● **Exercise description**
Your task is to repeat the entries exactly. Leave the pictures out.

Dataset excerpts
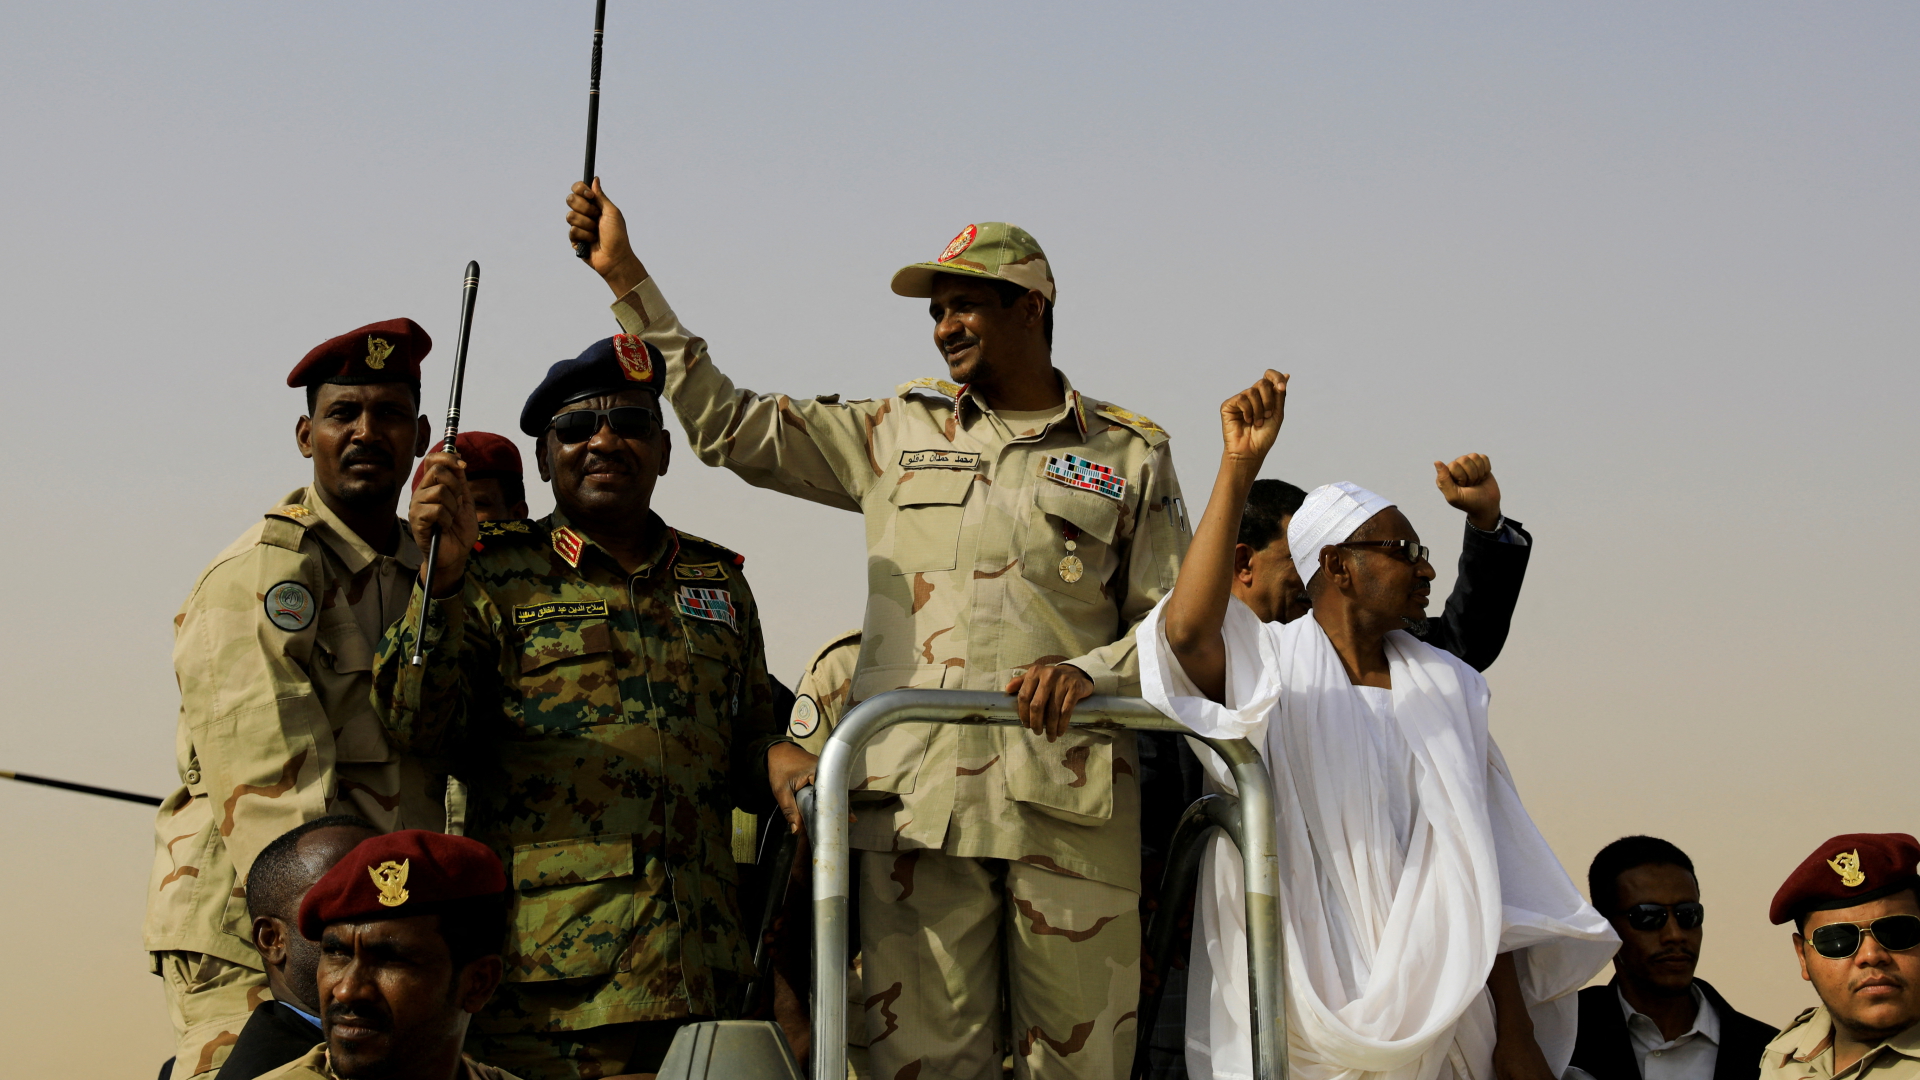 Warum der Konflikt im Sudan eskalierte
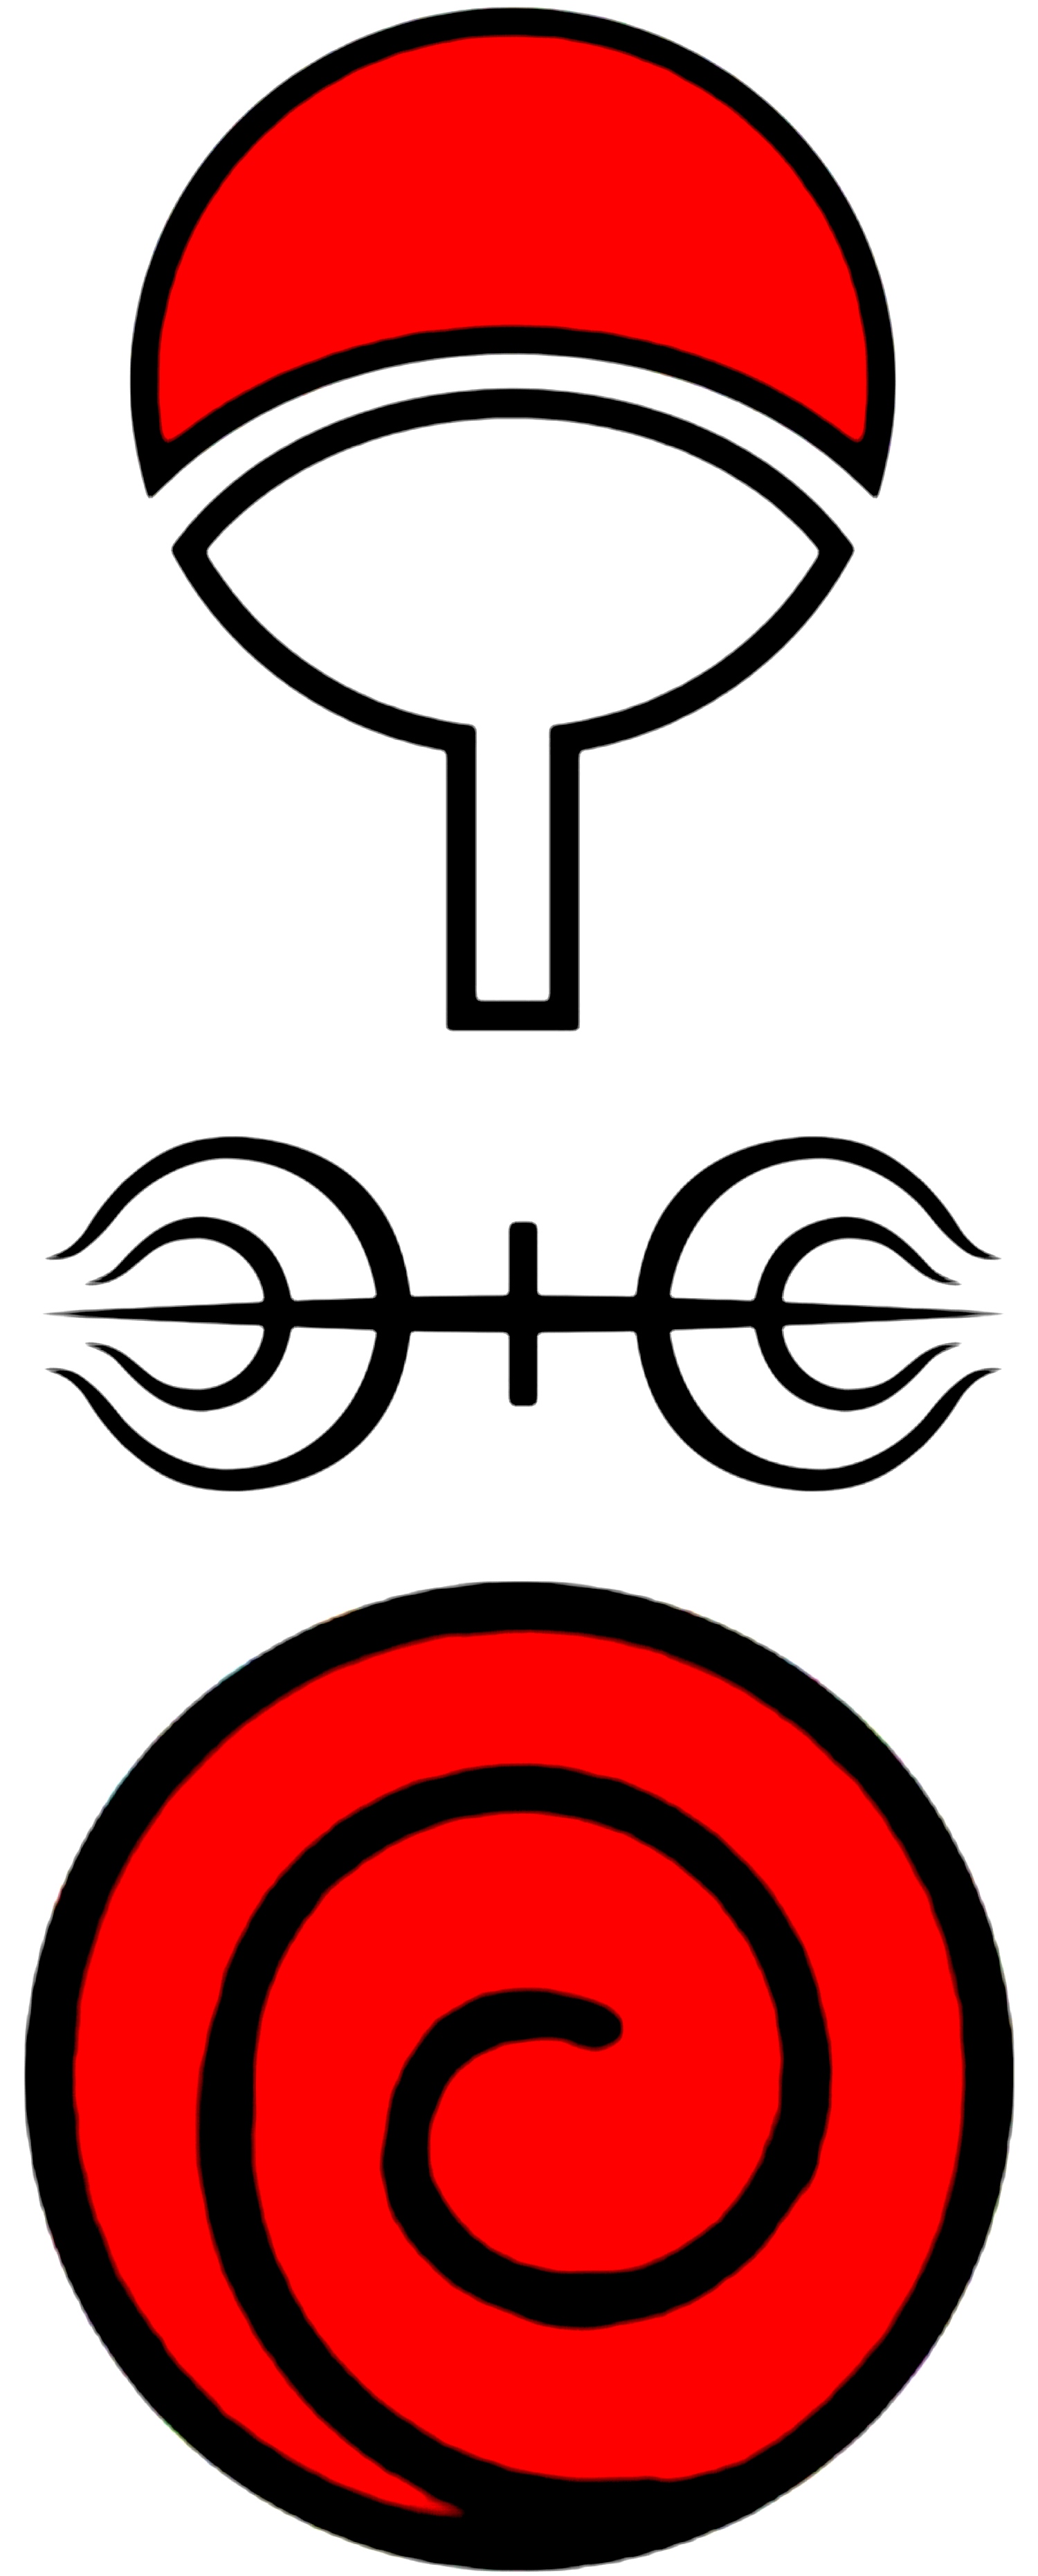 宇智波的图案符号图片
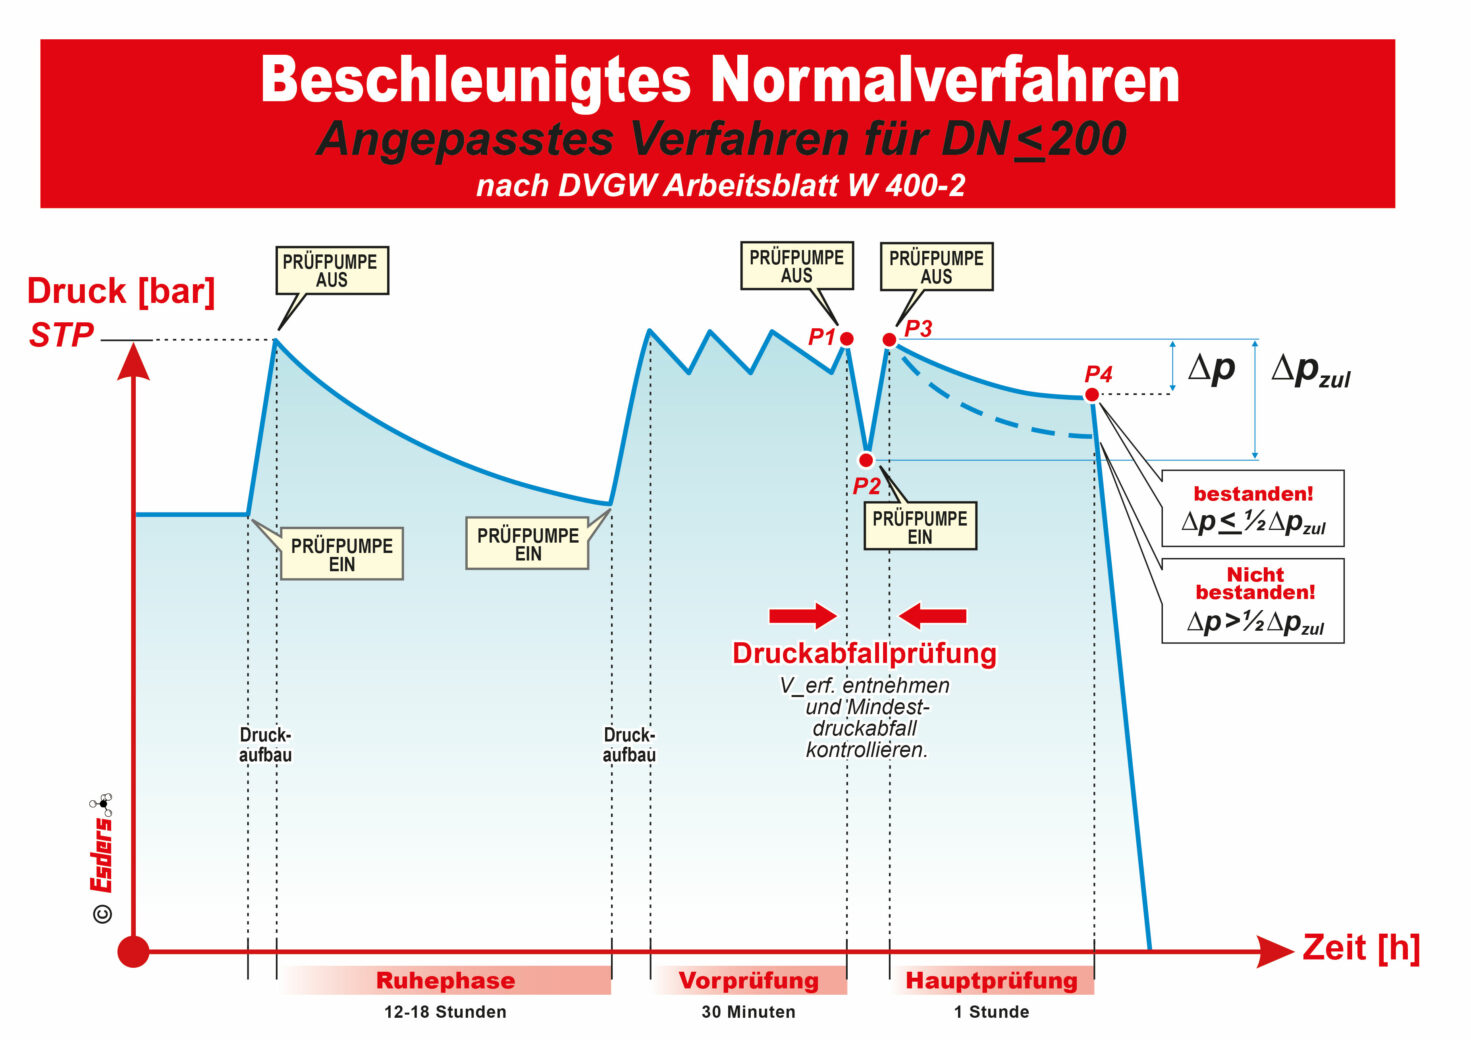 Schaubild Angepasstes Verfahren BNV für DN 200
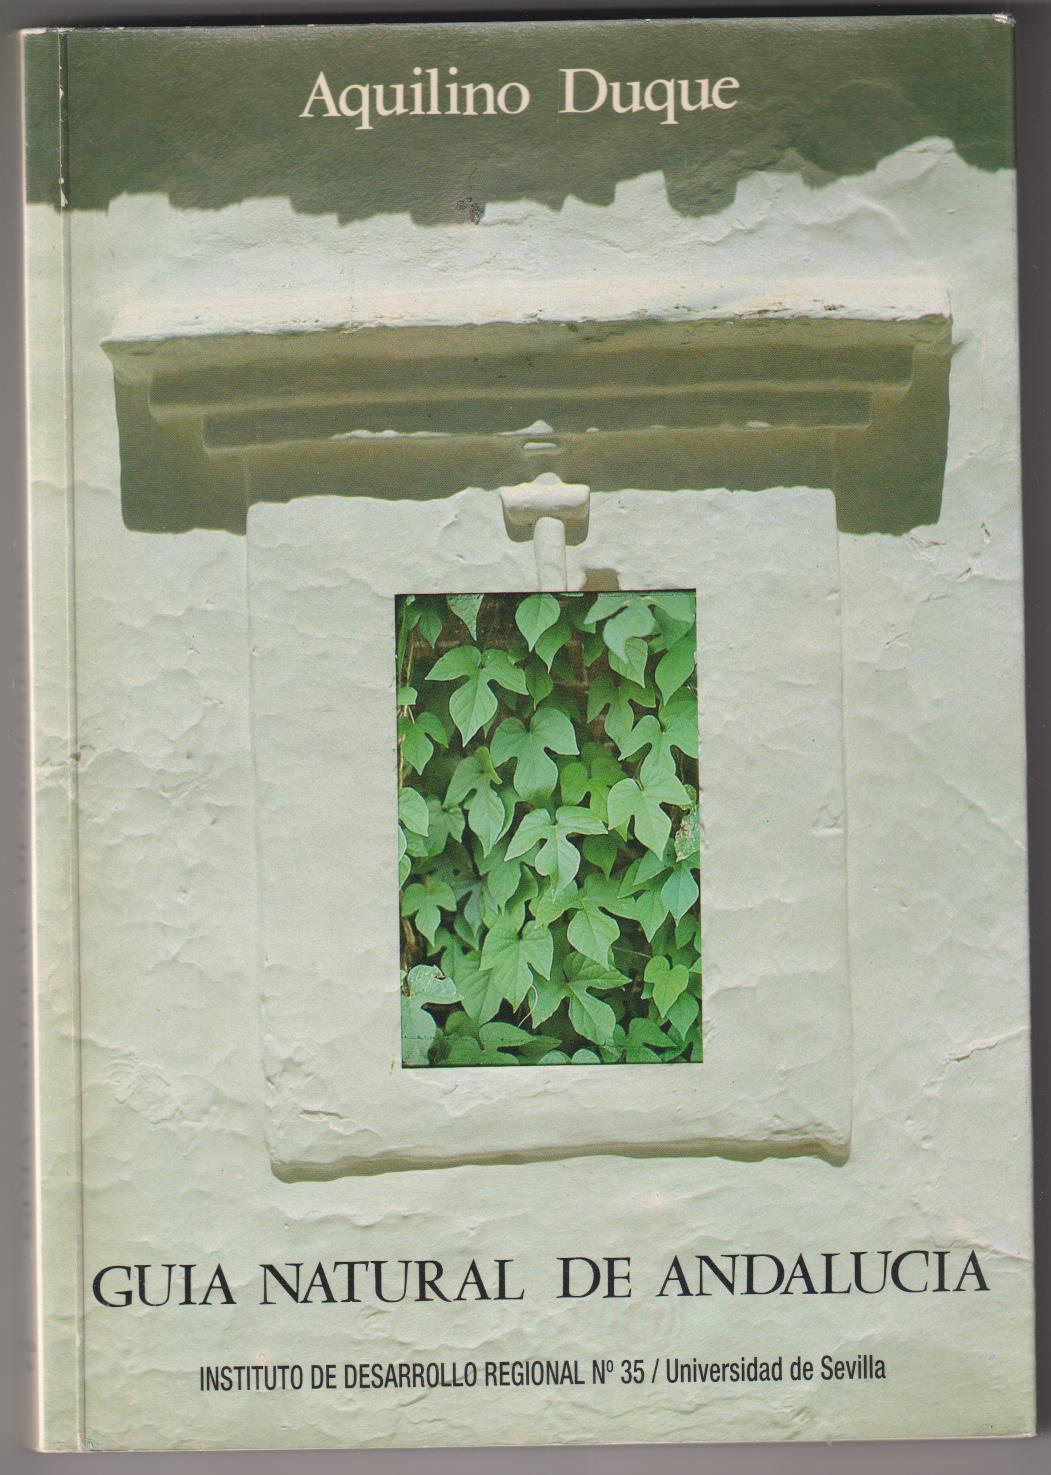 Aquilino Duque. Guía natural de Aqndalucía. Universidad de Sevilla 1986
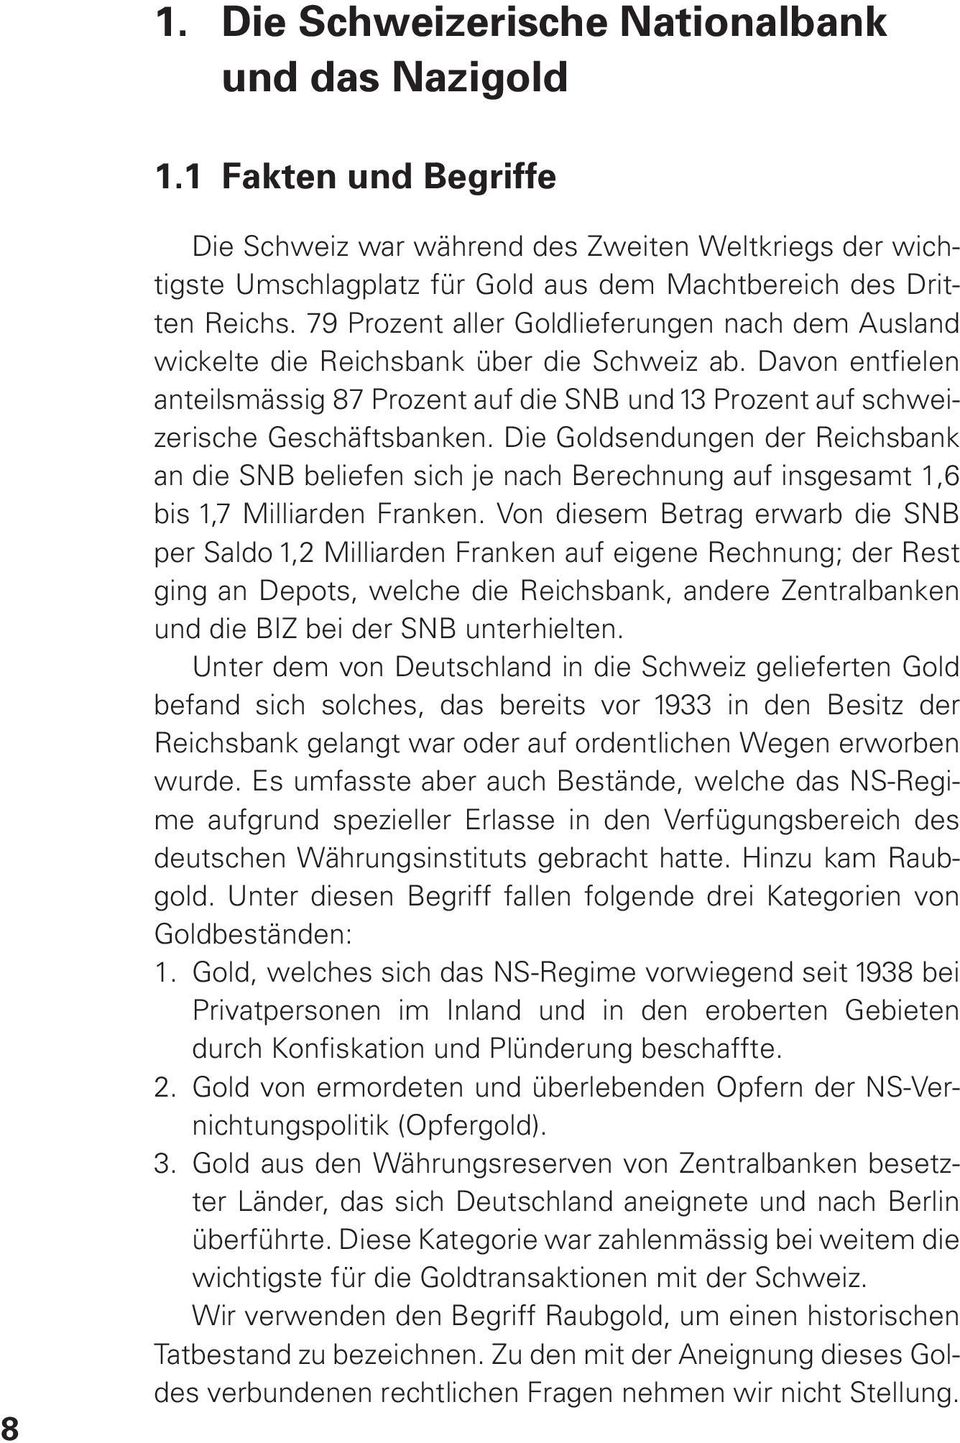 79 Prozent aller Goldlieferungen nach dem Ausland wickelte die Reichsbank über die Schweiz ab. Davon entfielen anteilsmässig 87 Prozent auf die SNB und 13 Prozent auf schweizerische Geschäftsbanken.

● **Response area**
 Warum der Konflikt im Sudan eskalierte
 宇智波的图案符号图片
 Schaubild Angepasstes Verfahren BNV für DN 200
 Aquilino Duque. Guía natural de Aqndalucía. Universidad de Sevilla 1986
 79 Prozent aller Goldlieferungen nach dem Ausland wickelte die Reichsbank über die Schweiz ab. Davon entfielen anteilsmässig 87 Prozent auf die SNB und 13 Prozent auf schweizerische Geschäftsbanken.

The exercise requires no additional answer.